Sir Harry Parkes (1828 – 1865) was a British diplomat who served as the Consul to the Qing Empire of China, the Tokugawa shogunate of Japan, and the Joseon dynasty of Korea over the span of three decades.
Parkes was the British Consul to the Qing during and after the Second Opium War from 1841 until 1864. In 1865, he was selected to replace Sir Rutherford Alcock as the Consul to Japan. Two years later, Parkes gained an assistant named William Lloyd, who unbeknownst to him was secretly a member of the British Rite of the Templar Order. Thus, he became an unwitting Templar pawn in their goal of re-establishing the power of their Japanese counterparts and the Imperial Court in Kyoto led by Crown Prince Mutsuhito. Parkes also dealt with the Icarus affair as the British Empire's top negotiator.
Parkes became a high-profile target for the Japanese Brotherhood of Assassins, due to his association with Lloyd. One night, the Assassins sent a shinobi named Issa to kill the British consul. Issa had dispatched several British soldiers and attempted to assassinate Parkes. Luckily for him, Lloyd stopped Issa and cut off his hand before finishing the Assassin off with a firearm.

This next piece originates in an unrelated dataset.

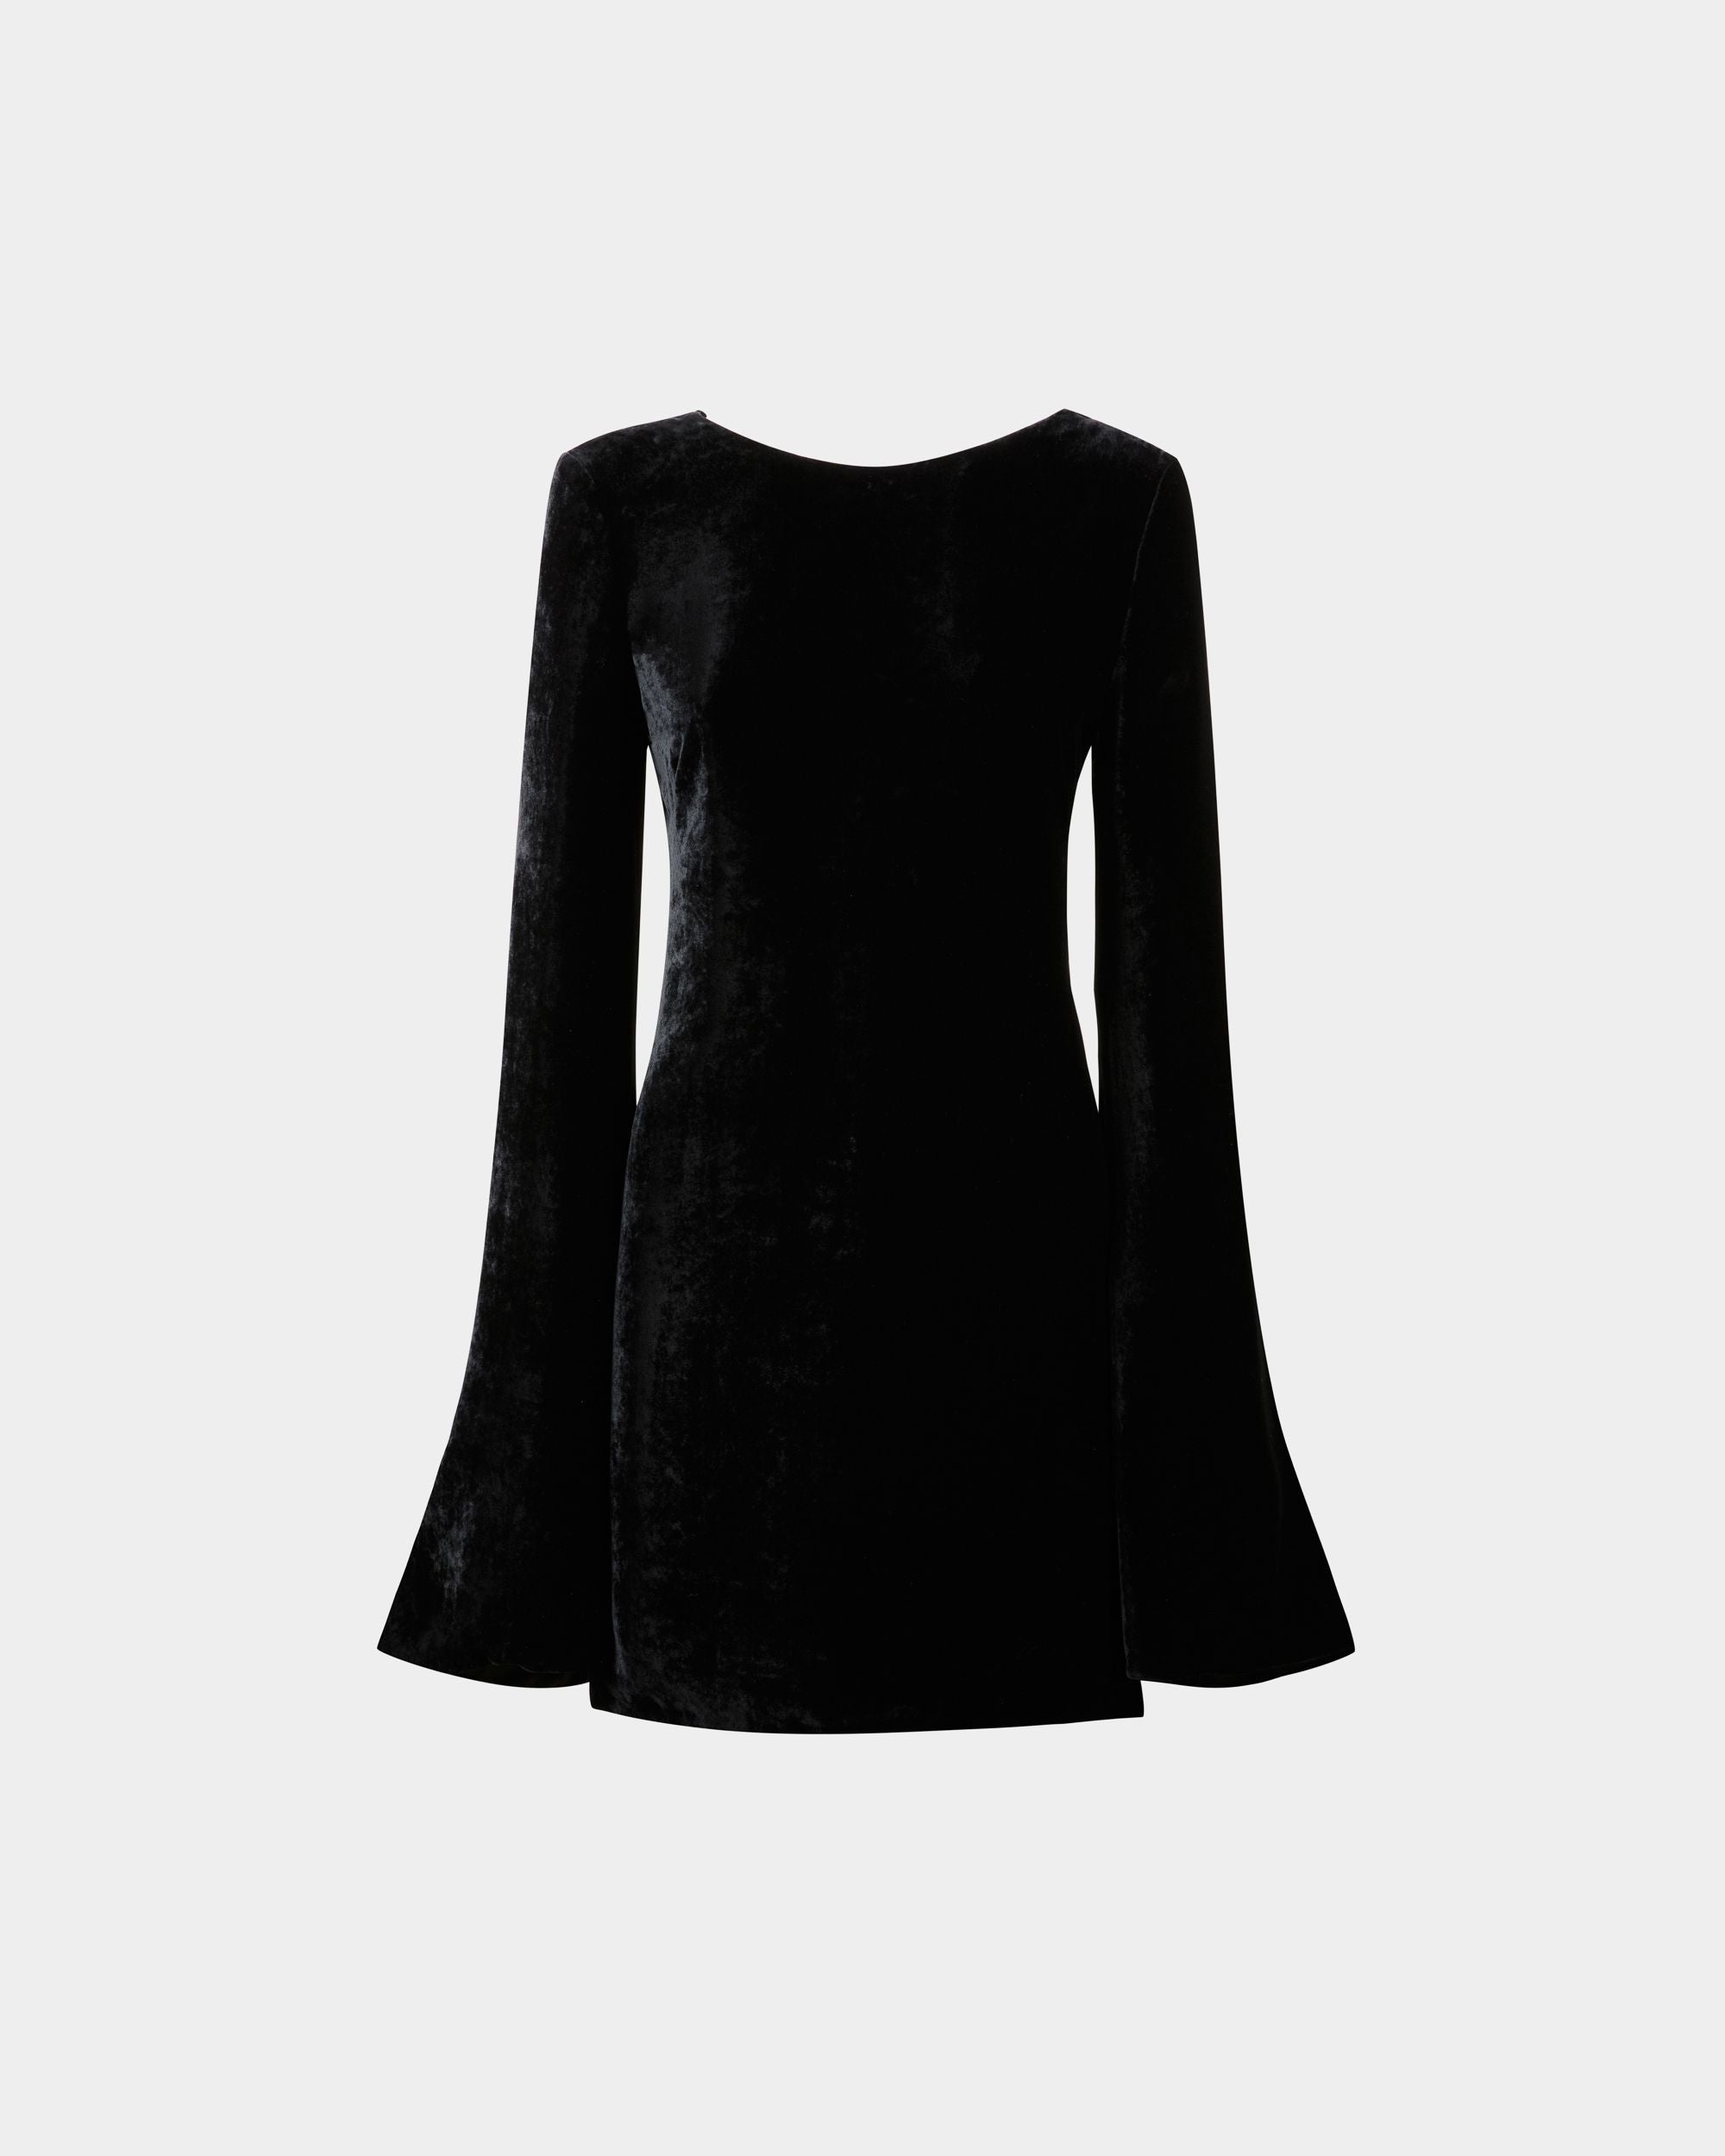 Mini abito da donna in velluto nero | Bally | Still Life Fronte

During the Boshin War, Parkes opted to remain neutral in the struggle between Imperial and shogunate forces. After the Battle of Aizu, which ended in a decisive Imperial victory and sealed the fate of the Tokugawa shogunate, Parkes was invited to meet French Army officer Jules Brunet, a member of the French Brotherhood of Assassins. After congratulating the Consul for the victory of his allies, Brunet warned Parkes that "they won a battle, but not the war". Parkes was oblivious to his statement and was unaware about the larger conflict between the Assassins and Templars, remarking that Britain and France were not at war.